Dealing recently with some task (the same that inspired us to implement WeakTable), we were in a position to use a dictionary as a key in another dictionary.
What are the rules for the class to be used as key:
- key should be immutable;
- key should implement a
GetHashCode() method;
- key should implement a
Equals() method.
The first requirement is usually implemented as a documentation contract like this:
As long as an object is used as a key in the Dictionary<TKey, TValue> , it must not change in any way that affects its hash value.
The third requirement about equals is trivially implemented as a method:
public bool Equals(IDictionary<K, V> x, IDictionary<K, V> y)
{
if (x == y)
{
return true;
}
if ((x == null) || (y == null) || (x.Count != y.Count))
{
return false;
}
foreach(var entry in x)
{
V value;
if (!y.TryGetValue(entry.Key, out value) ||
!valueComparer.Equals(entry.Value, value))
{
return false;
}
}
return true;
}
But how would you implement hash code?
We argued like this.
1. Let's consider the dictionary as a sparse array of values with only populated items that correspond to key hash codes.
2. Hash code is constructed using some fair algorithm. E.g like that used in java to calculate string's hash code:
n-1
h(s) = SUM (s[i]*p^(n-1-i)) mod m, where m = 2^31
i=0
In our case:
n can be arbitrary large int value, so in fact it's 2^32 ;
- items are enumerated in unknown order;
- there is only limited set of items, so most
s[i] are zeros.
As result we cannot use recurrent function to calculate a power p^k mod m. Fortunately one can build fast exponentiation arguing like this:
32/s - 1
p^k = p^ SUM 2^((s*i)*k[i]) mod m, where s some int: 1, 2, 4, 8, 16, or 32.
i=0
Thus
32/s - 1
p^k = PRODUCT (p^(2^(s*i)))^k[i] mod m
i=0
If s = 1 then k[i] is either 1 or 0 (a bit), and there is 32 different p^(2^i) mod m values, which can be precalculated.
On the other hand, if we select s = 8 we can write the formula as:
p^k = p^k[0] * (p^(2^8))^k[1] * (p^(2^16))^k[2] * (p^(2^24))^k[3] mod m
where k[i] is a 8 bit value (byte).
Precalculating all values
p^n, (p^(2^8))^n , (p^(2^16))^n , (p^(2^24))^n for n in 0 to 255 we reach the formula with 4 multiplications and with 1024 precalculated values.

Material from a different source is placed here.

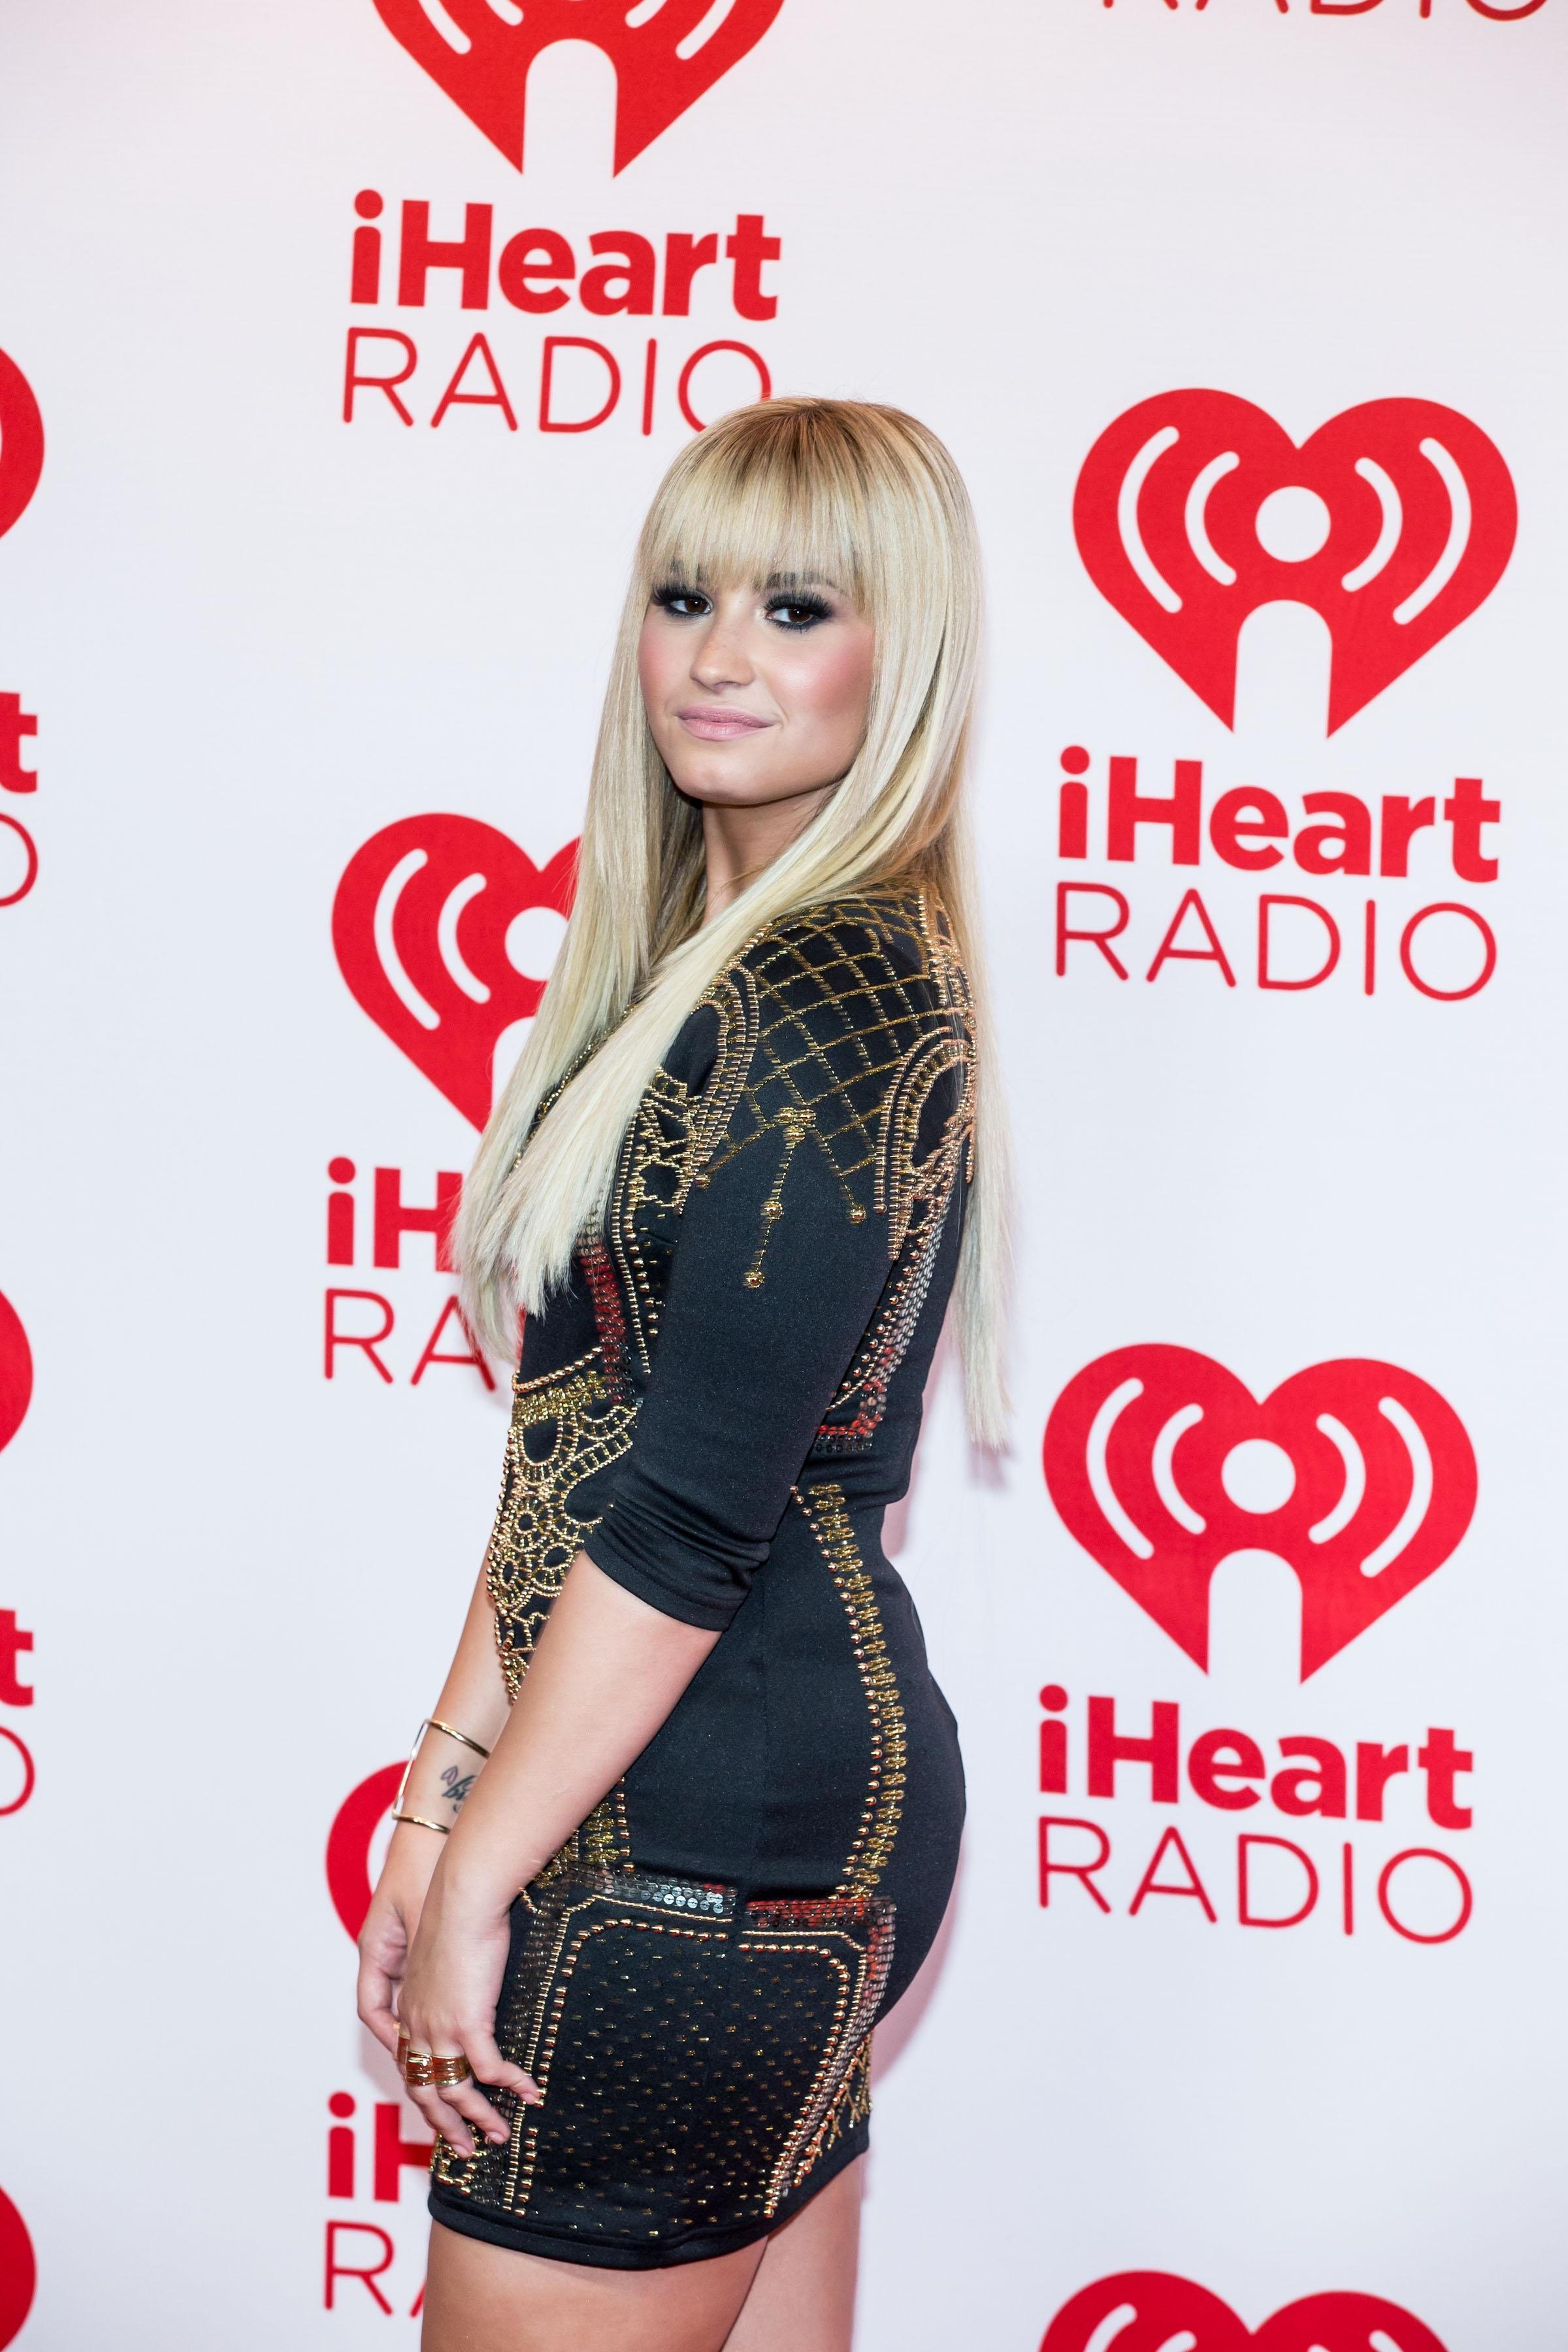 389364988_Demi_Lovato_iHeartRadioMusicFestival9_122_193lo.jpg

Here is the whole utility to calculate hash factors:
/// <summary>
/// Hash utilities.
/// </summary>
public class Hash
{
/// <summary>
/// Returns a P^value mod 2^31, where P is hash base.
/// </summary>
/// <param name="value">A value to get hash factor for.</param>
/// <returns>A hash factor value.</returns>
public static int GetHashFactor(int value)
{
return factors[(uint)value & 0xff] *
factors[(((uint)value >> 8) & 0xff) | 0x100] *
factors[(((uint)value >> 16) & 0xff) | 0x200] *
factors[(((uint)value >> 24) & 0xff) | 0x300];
}
/// <summary>
/// Initializes hash factors.
/// </summary>
static Hash()
{
var values = new int[4 * 256];
var value = P;
var current = 1;
var i = 0;
do
{
values[i++] = current;
current *= value;
}
while(i < 256);
value = current;
current = 1;
do
{
values[i++] = current;
current *= value;
}
while(i < 512);
value = current;
current = 1;
do
{
values[i++] = current;
current *= value;
}
while(i < 768);
value = current;
current = 1;
do
{
values[i++] = current;
current *= value;
}
while(i < 1024);
factors = values;
}
/// <summary>
/// A base to calculate hash factors.
/// </summary>
public const int P = 1103515245;
/// <summary>
/// Hash factors.
/// </summary>
private static readonly int[] factors;
}
With this API hash code for a dictionary is a trivial operation:
public int GetHashCode(IDictionary<K, V> dictionary)
{
if (dictionary == null)
{
return 0;
}
var result = 0;
foreach(var entry in dictionary)
{
if ((entry.Key == null) || (entry.Value == null))
{
continue;
}
result += Hash.GetHashFactor(keyComparer.GetHashCode(entry.Key)) *
valueComparer.GetHashCode(entry.Value);
}
return result;
}
And finally, here is a reference to a class DictionaryEqualityComparer<K, V>: IEqualityComparer<IDictionary<K, V>> that allows a dictionary to be a key in another dictionary.
Update
We have commited some tests, and have found that with suffiently "good" implementation of GetHashCode() of key or value we achieve results almost of the same quality, as the results of the algorithm we have outlined above with much simpler and straightforward algorithm like this:
public int GetHashCode(IDictionary<K, V> dictionary)
{
if (dictionary == null)
{
return 0;
}
var result = 0;
foreach(var entry in dictionary)
{
if ((entry.Key == null) || (entry.Value == null))
{
continue;
}
var k = entry.Key.GetHashCode();
var v = entry.Value.GetHashCode();
k = (k << 5) + k;
v = (v << (k >> 3)) + v;
result += k ^ v;
//result += Hash.GetHashFactor(keyComparer.GetHashCode(entry.Key)) *
// valueComparer.GetHashCode(entry.Value);
}
return result;
}
It was worth to blog about this just to find out that we have outwitted ourselves, and finally to reach to a trivial hash code implementation for the dictionary.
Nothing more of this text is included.